The CEVA-X4 core can tackle up to eight scalar operations in parallel. Optional L1 program and data caches, each either two- or four-way in form, expand on the direct-mapped program and two-way data (and otherwise more feature-limited) cache support in the CEVA-X1643. The program and data system buses, the latter both master and slave in nature, all have bus widths that areall doubled, to 256 bits wide in each case. Hardware acceleration integration features include multiple optional CEVA-Connect expansion ports, along with hardware queue and buffer managers. And from a raw performance standpoint, Gresset forecasts that CEVA-X4 will run at up to 1.5 GHz in a 16 nm process, with peak dynamic power consumption measuring only 0.05 mW/MHz (potentially even less, depending on fabrication process specifics).

CEVA's Gresset acknowledges that porting code from an existing ARM Cortex-R7 or equivalent control processor to CEVA-X4 isn't a risk-free proposition for a customer, but CEVA believes that the savings in with the licensing fees, silicon area and power consumption from combining multiple cores into one will be attractive. Gresset also believes that the superscalar and out-of-order capabilities supported by conventional CPUs are unnecessary in baseband processing; their elimination in CEVA-X4 is a key factor in the company's claimed significant die and power savings. ARM would likely disagree with CEVA's "unnecessary" assessment; in fact, the company chose Mobile World Congress as the occasion to unveil its latest Cortex-R8 offering targeting (among other things) various cellular modem control tasks.

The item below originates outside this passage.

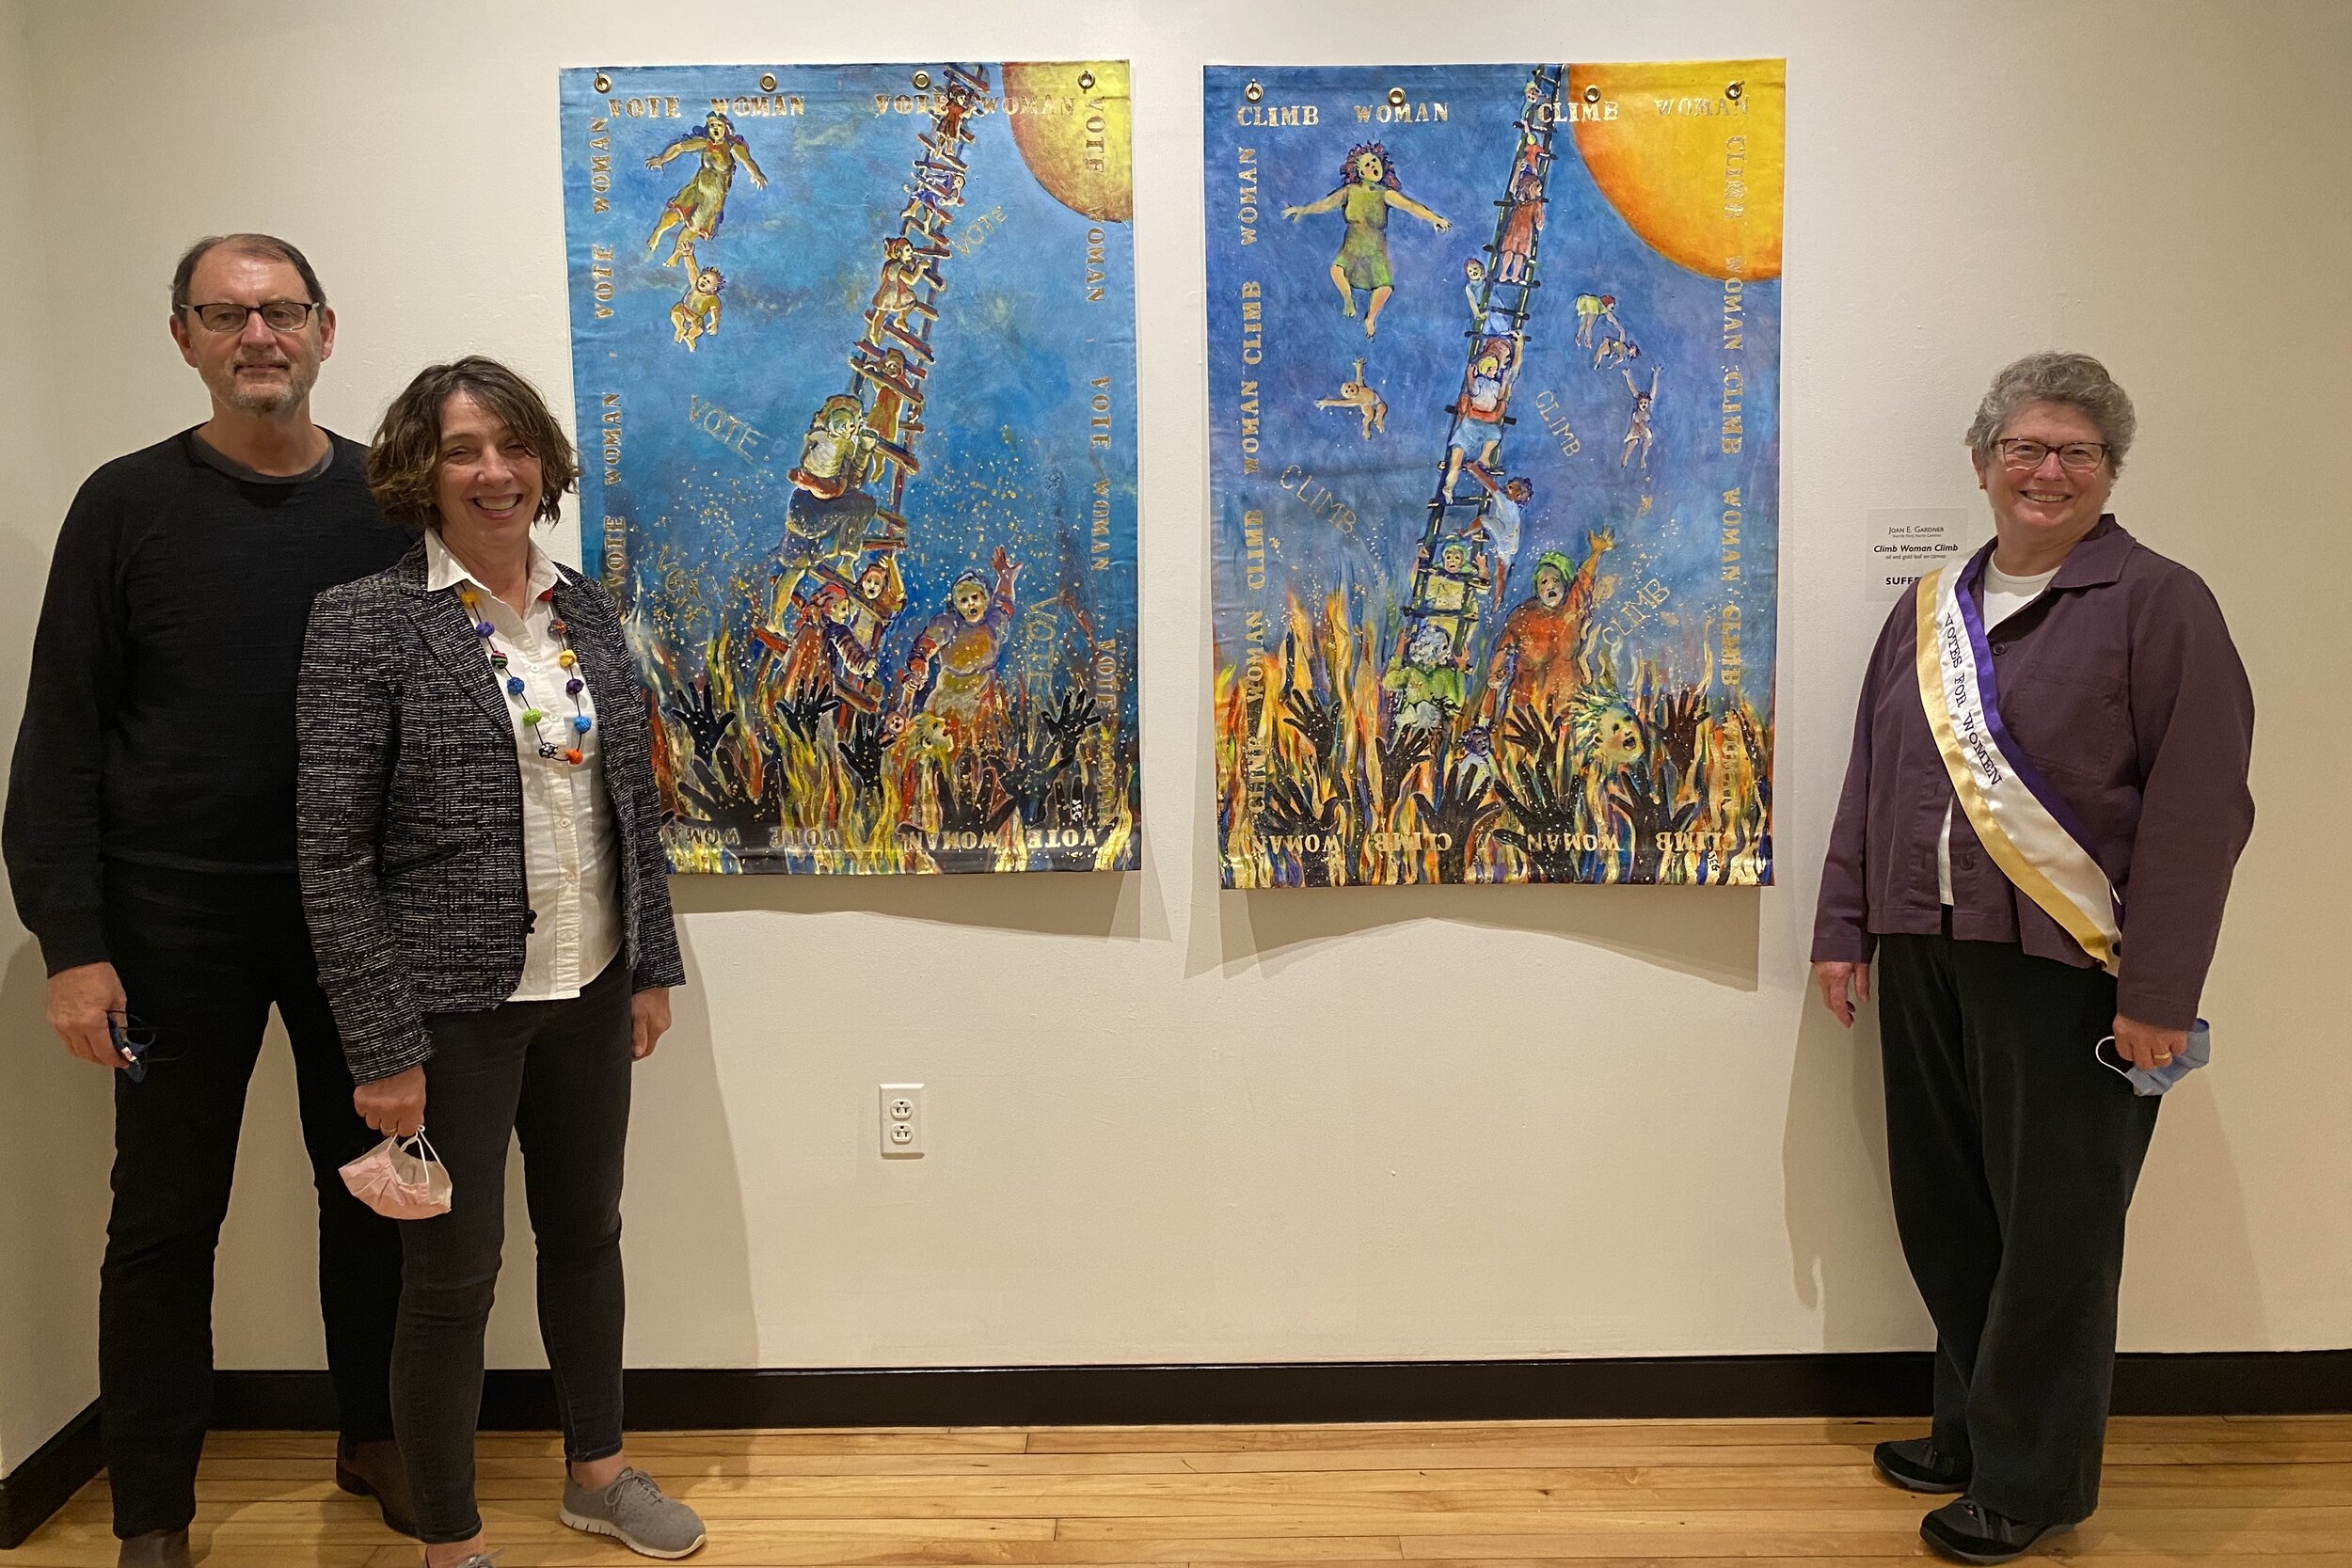 Tom, Cindy Lundy and Linda Greenwell heart Joanie's art.

A separate high-end DSP core such as the company's vector-enabled CEVA-XC4500 will still be necessary to handle receiver subsystem processing tasks, which tend to be significantly more complicated than their transmitter subsystem equivalents. CEVA plans to leverage the new CEVA-X architecture framework as the foundation not only of the initial CEVA-X4 but of future CEVA-X and CEVA-XC products as well. Gresset alluded to one such upcoming core, a lower-end variant due later this year which will contain only a single SPU and, like the recently introduced CEVA-XC5 and CEVA-XC8, will target IoT and other low-data-rate LTE MTC (machine-type communications) applications. Nearer term, the CEVA-X4 is available for licensing, with initial partners' SoCs containing the core anticipated to appear within a year.